Can Eve decrypt the message without finding the inverse of the secret matrix?
if we write B as $ \,A=\left[ \begin{array}{ccc} A_{1} \\ A_{2} \\ A_{3} \end{array} \right] \, $ (write in conbimation of column vector)

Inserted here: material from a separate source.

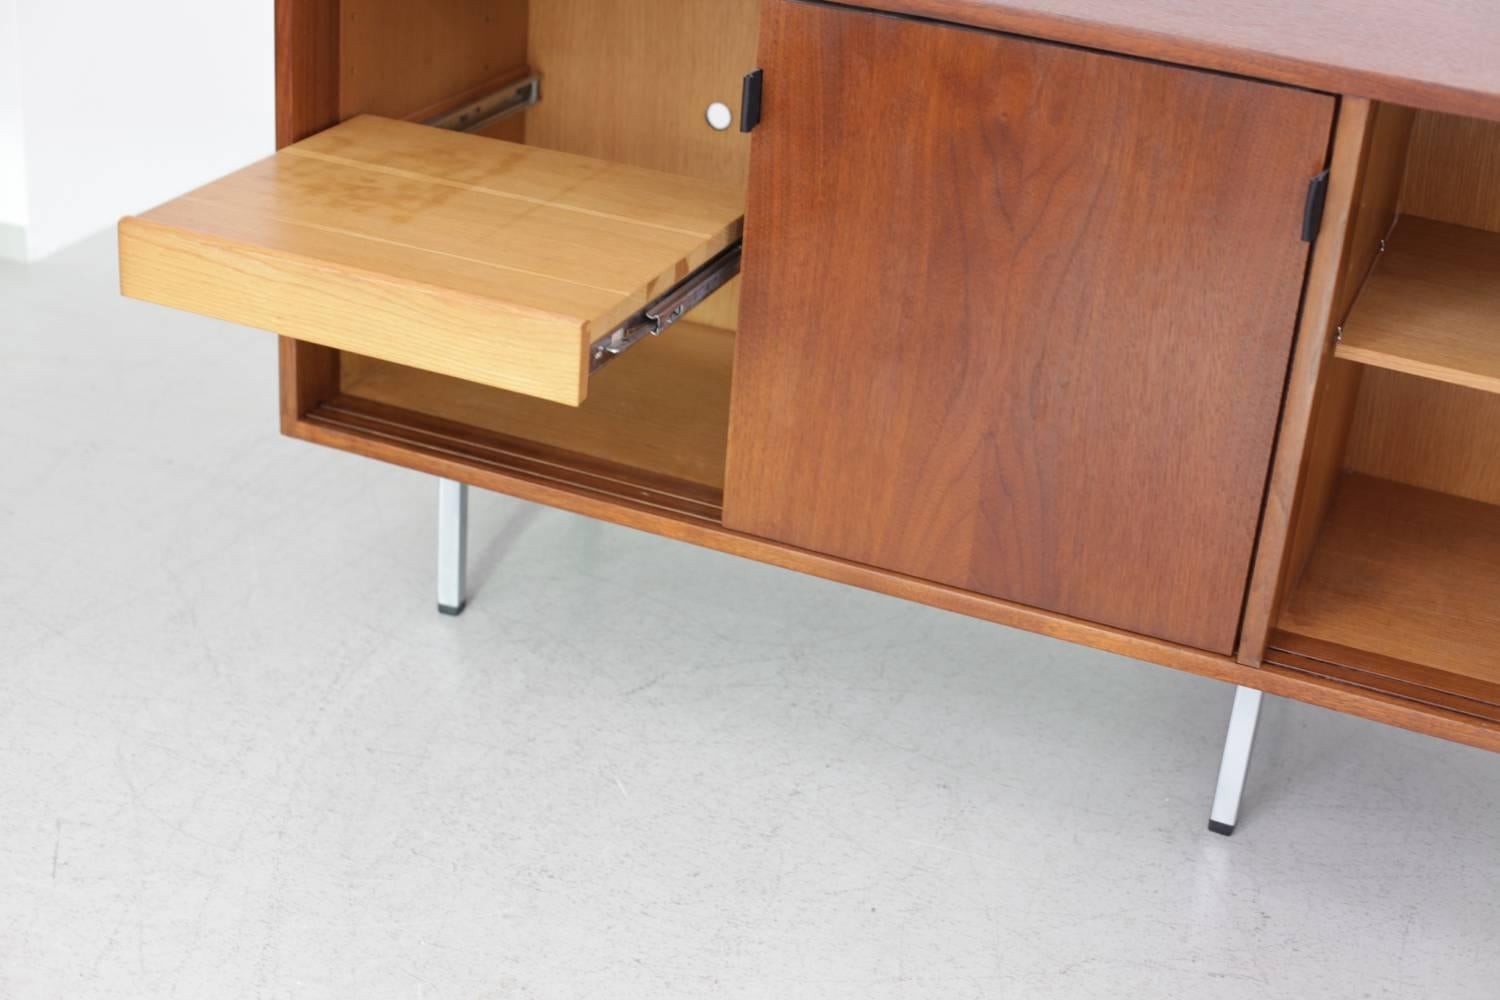 florence knoll sideboard

Similarly, we write C as $ \,C=\left[ \begin{array}{ccc} C_{1} & C_{2} & C_{3} \end{array} \right] \, $
Thus,based on the multiplication of Matrix,we can have: $ \,C_1 = B*A\, $, same for $ \,C_2\, $ and $ \,C_3\, $
which means
$ \,C_1 = B*A_1 = B_1*A_1+B_2*A_2+B_3*A_3\, $
$ \,C_2 = B*A = B_1*A_1+B_2*A_2+B_3*A_3\, $
$ \,C_3 = B*A = B_1*A_1+B_2*A_2+B_3*A_3\, $
if we multiply $ B_1 $ by n,$ B_2 $ by p,$ B_3 $ by q, we have:
$ \,C_1new = B*A_1 = n*B_1*a_11+p*B_2*a_21+q*B_3*a_31\, $
$ \,C_2new = B*A_2 = n*B_1*a_21+p*B_2*a_22+q*B_3*a_23\, $
$ \,C_3new = B*A_3 = n*B_1*a_31+p*B_2*a_32+q*B_3*a_33\, $
and the reverse is also true
What is the Decrypted Message?
The given encrypted message is
$ \,e=(2,23,3)\, $
This can be rewritten as a linear combination of the given system result vectors
$ \,e=ae_1+be_2+ce_3\, $
$ \,e=(2,23,3)=1\cdot (2,0,0)+23\cdot (0,1,0)+1\cdot (0,0,3)\, $
Because the system s linear, we can write the input as
$ \,m=am_1+bm_2+cm_3\, $
$ \,m=1\cdot (1,0,4)+23\cdot (0,1,0)+1\cdot (1,0,1)=(2,23,5)\, $
Therefore, the unencrypted message is "BWE".